The other big gold news and one that can be categorized in the “do you think they know something” category came from CME/COMEX. They will begin with “collars” for nine different metals, including silver and gold. The collars will begin to kick in and trading will cease if gold moves $100 or silver $3 with ultimate daily collars of $400 and $12. I won’t bore you with the specifics, more importantly you must wonder “why?” and “why now?”. How often have we seen $100 moves in gold, much less $400? I believe it has been only one time that gold moved over $100 in a day. We have seen $3 moves (almost all down) in silver but these were almost exclusively during evening trade sessions and almost always on Sunday nights.

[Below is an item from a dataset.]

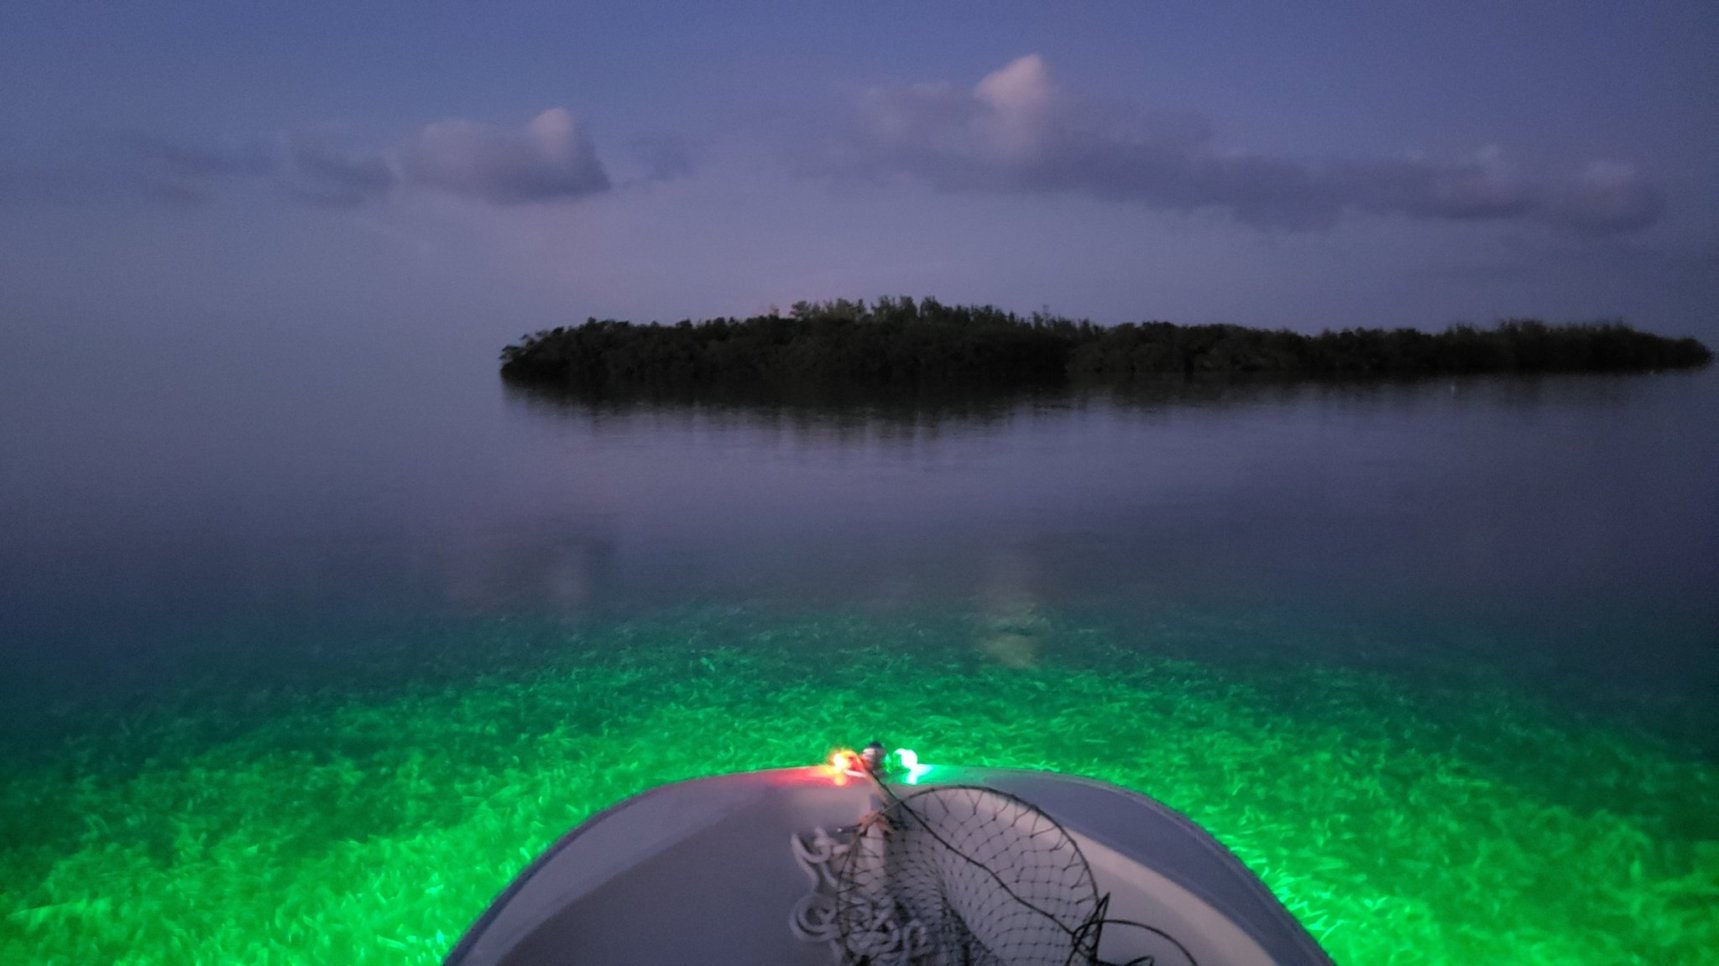 LED Underwater Fishing Light Green Blob Outdoors, Boat & Dock

Does CME really see $12 moves in silver coming? Again, “are they expecting something?” we don’t know about …or maybe they are afraid silver could go to zero in less than two days trading and don’t want to see that happen (I believe if it was possible, this would have already been facilitated)? Or, more likely, are they expecting huge volatility and upside moves they would like to retard and slow down? Add this one to the category “they know something and are readying for it”!
So there you have it, we had a disastrous week for financial assets and huge news, most of which points to sides being chosen and “official readying” for upcoming events. I might add that a 6th Hindenburg omen was spotted on Thursday which most probably bodes very poorly for the stock market(s). With all of these events lining up, one might think the U.S. public is in a somber mood. But no, consumer sentiment numbers reported Friday saw a huge upswing …either the public is not very bright or the reported numbers are bogus …or both?
Let me finish by saying this, the market action is clearly showing we have entered a credit contraction. Any credit contraction is a death sentence to a system which is overleveraged and already standing on a banana peel. The markets are trying to say this at the same time “official” moves are portraying something very big is afoot. Central banks are now collectively “running the bank”. If one had no prior knowledge of anything financial prior to this week, what was learned this week alone is enough to know something is very wrong, something very bad is going to happen and it is going to happen very soon. I would suggest if your plans are not already finalized, do not wait until the new year to do so!
Bill Holter, Miles Franklin associate writer.